A steel cylinder contains an ideal gas at 27°C. The gauge pressure is 140kPa. If the temperature of the container increases to 79°C, what is the new gauge pressure?
As we have an ideal gas, we can assume that (P/T)initial = (P/T)final
First, we must convert temperatures in Celsius to Kelvin.
27ºC = (27 + 273.15)K = 300.15K
79ºC = (79+273.15)K = 352.15K
Let x represent (T)final
300.15 K ÷ 140,000 Pa = 352.15K ÷ x
==> x = 164,255 Pa
To find the new gauge pressure, we can use the ideal gas law equation:
P1 * V1 / T1 = P2 * V2 / T2
where P1 is the initial pressure, V1 is the initial volume, T1 is the initial temperature, P2 is the final pressure, V2 is the final volume, and T2 is the final temperature.
In this case, the volume of the cylinder remains constant, so we can assume V1 = V2. Also, the question asks for the gauge pressure change, so we treat the initial gauge pressure (P1) and the final gauge pressure (P2) as absolute pressures by adding atmospheric pressure (which we assume to be 101.3 kPa) to them.

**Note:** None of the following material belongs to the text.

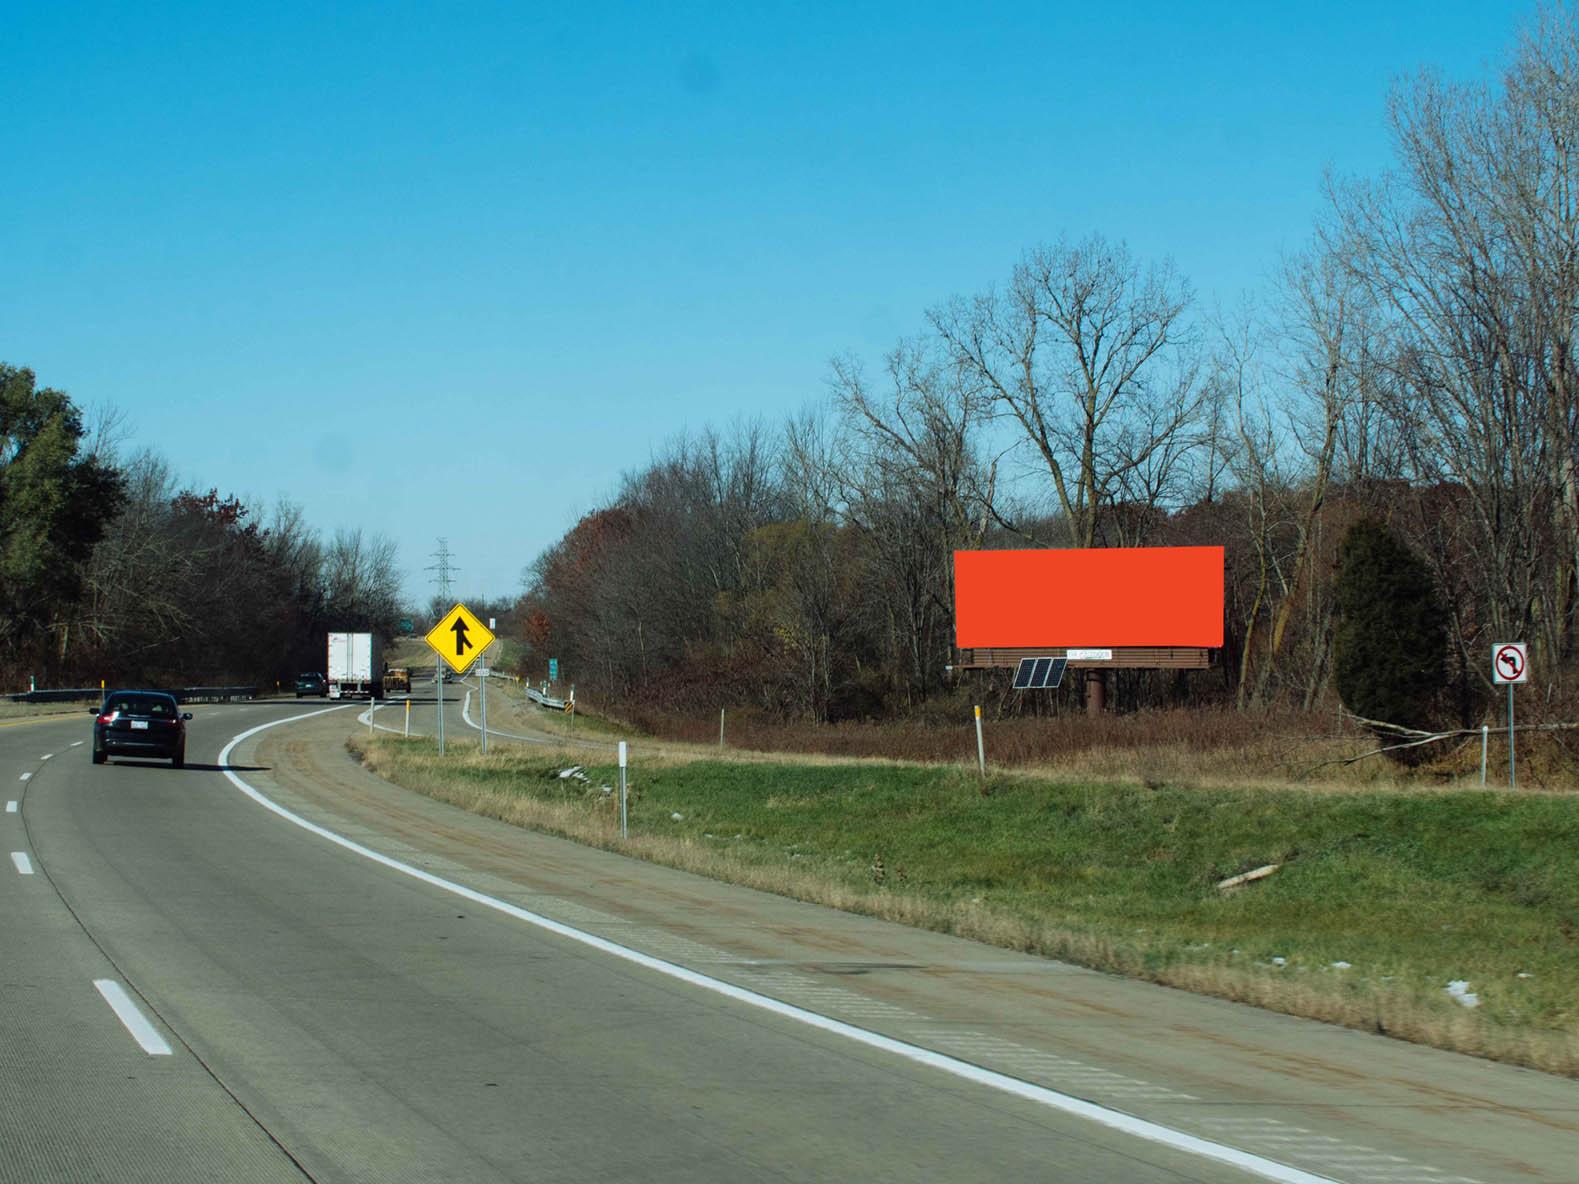 Billboard 252 East (14 x 48) - Geopath: 30655493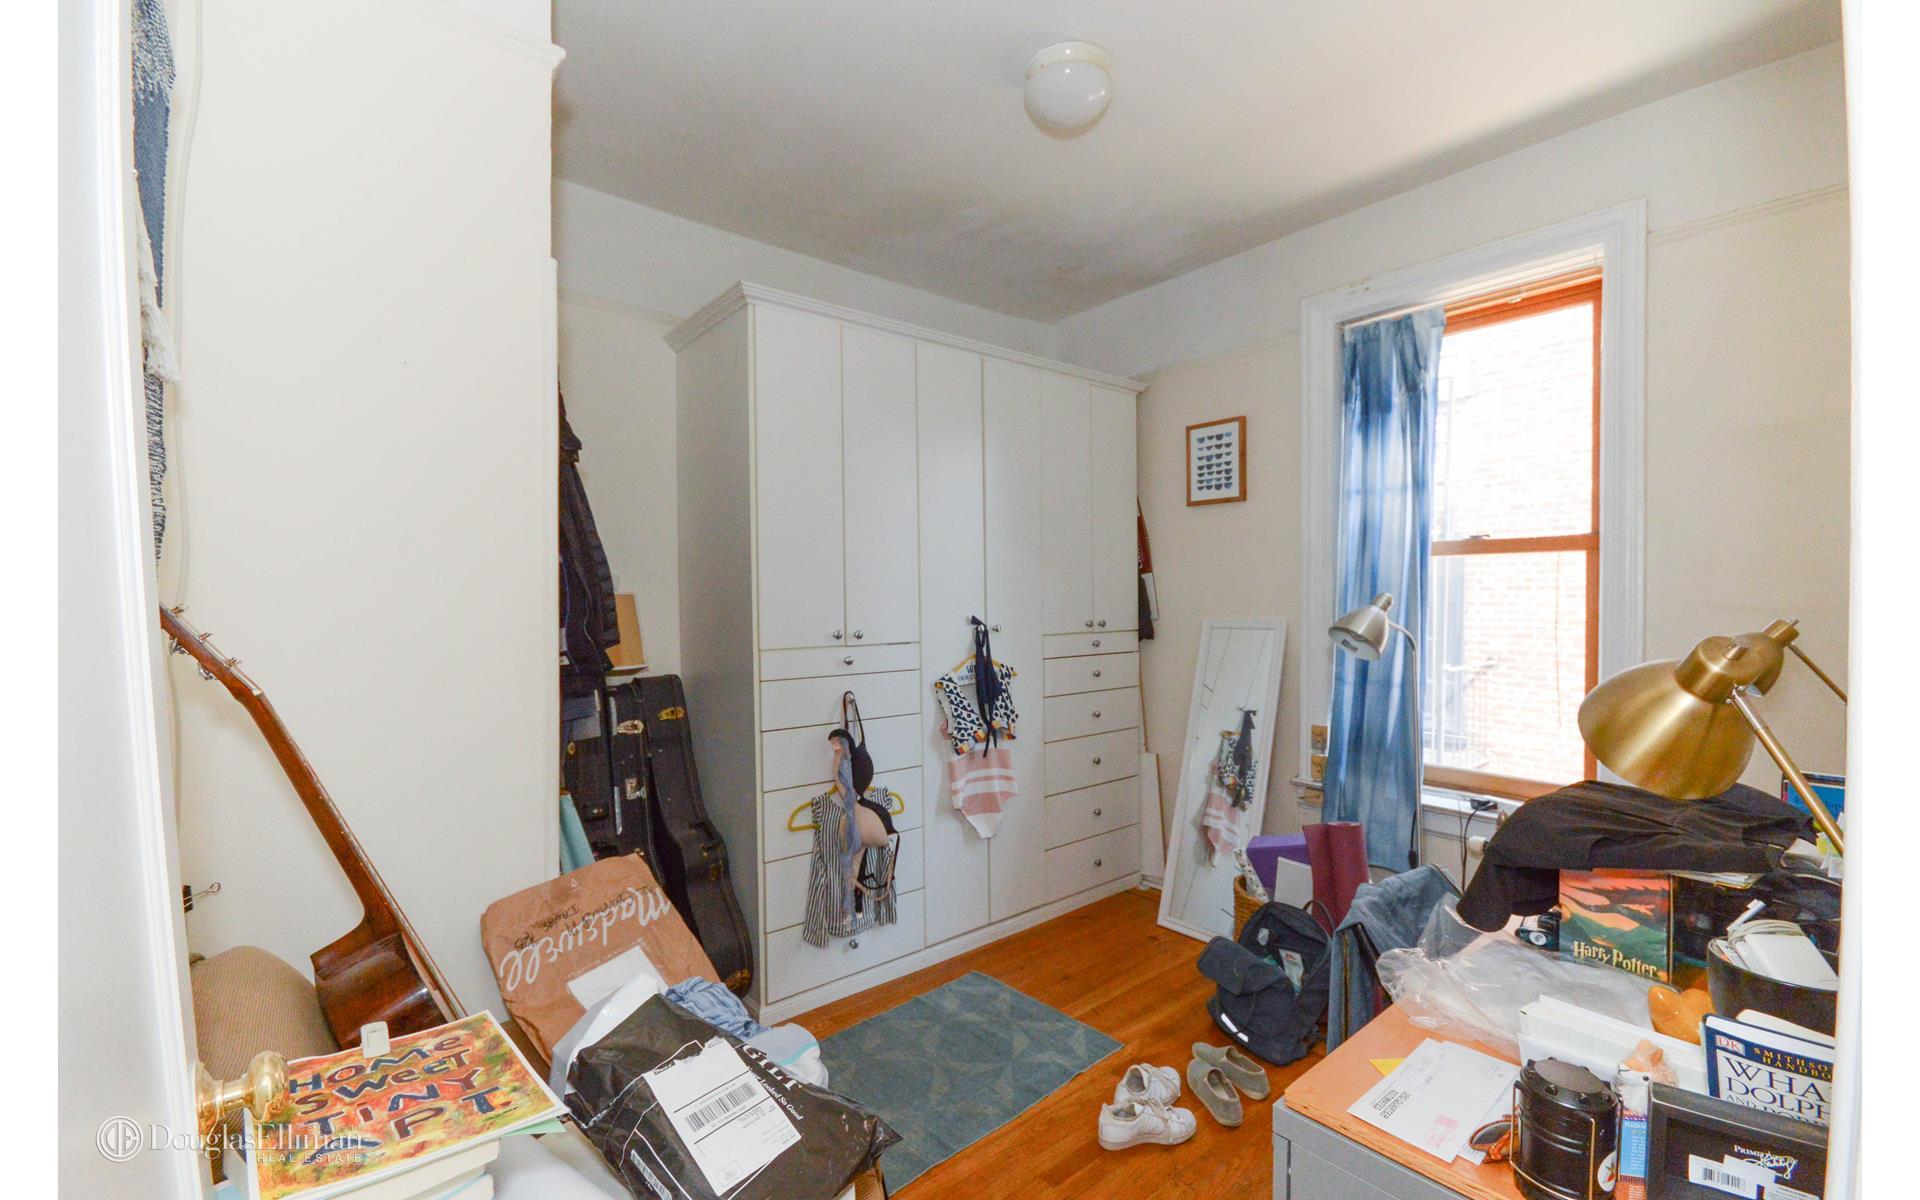 82 garfield pl brooklyn ny 11215 apartable for 10 grand army plaza 2nd floor brooklyn ny 11238

Now let's calculate the new gauge pressure:
Step 1: Convert initial pressure to absolute pressure:
Initial absolute pressure (P1_abs) = P1 + atmospheric pressure
= 140 kPa + 101.3 kPa
= 241.3 kPa
Step 2: Convert temperatures to Kelvin scale:
Initial temperature (T1) = 27°C + 273.15
= 300.15 K
Final temperature (T2) = 79°C + 273.15
= 352.15 K
Step 3: Use the ideal gas law equation to find the final absolute pressure (P2_abs):
P1_abs * V1 / T1 = P2_abs * V2 / T2
P2_abs = P1_abs * T2 / T1
= 241.3 kPa * 352.15 K / 300.15 K
Step 4: Calculate the final gauge pressure (P2) by subtracting atmospheric pressure:
Final gauge pressure (P2) = P2_abs - atmospheric pressure
Now let's substitute the values and calculate the new gauge pressure:
P2_abs = 241.3 kPa * 352.15 K / 300.15 K
= 282.45 kPa
P2 = P2_abs - atmospheric pressure
= 282.45 kPa - 101.3 kPa
= 181.15 kPa
Therefore, the new gauge pressure is approximately 181.15 kPa.